振り向かなくてもわかる。声の主は、共に卒業を迎えた深海湊斗だ。
毎日のように殴り合い死闘を繰り広げた、犬猿の相手である。
陸が振り向くと、やはりそこには予想通り、仁王立ちで自分を睨みつける湊斗の姿があった。
「逃げんなよ、東条。俺は勝ち逃げは許さねェ。最後に一発殴らせろ」
湊斗は唐突にそう言って、バキバキと指を鳴らす。
けれど陸は、そんな湊斗を呆れ顔で見返すだけ……。
「相変わらずだね~、お前」
湊斗の喧嘩腰な態度は三年前から少しも変わらない。何度負けようが、湊斗は性懲りもなく立ち向かってくる。――卒業式を終えた、今日この時でさえ。
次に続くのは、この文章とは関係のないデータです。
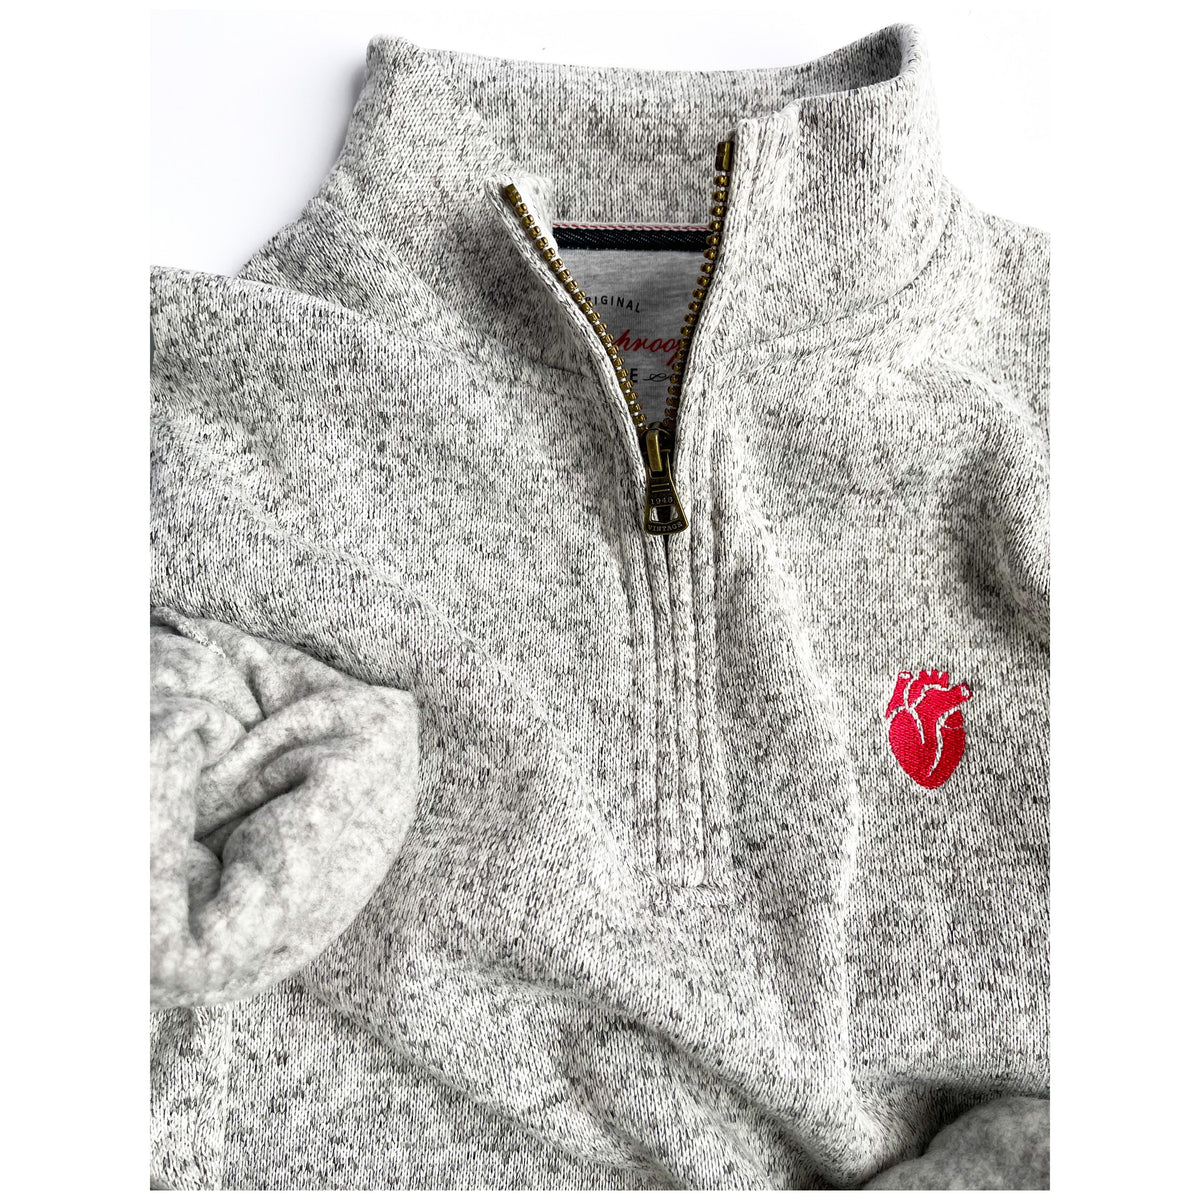 Embroidered Heart Quarter-Zip Pullover

「でもさ~、俺たちさっき卒業したじゃん? チームのことは全部後輩に任せたし、お前に殴られる理由はないっていうか。そもそも俺、ほんとは喧嘩とか全然好きじゃないしさぁ」
「――なッ! ふざけたこと抜かすんじゃねェ! お前のせいで俺がどれだけの苦汁を舐めたと思ってる!」
「でもそれ、俺のせいじゃなくない? お前が弱いせいじゃん?」
「……っ」
――二人はこの男子校をまとめる二大勢力の各リーダーだった。
入学式に金髪&ピアス姿で現れた陸に、湊斗が喧嘩を吹っかけて返り討ちにあったときからの関係で、それ以降は別々のチームに所属し三年間対立し続けてきた。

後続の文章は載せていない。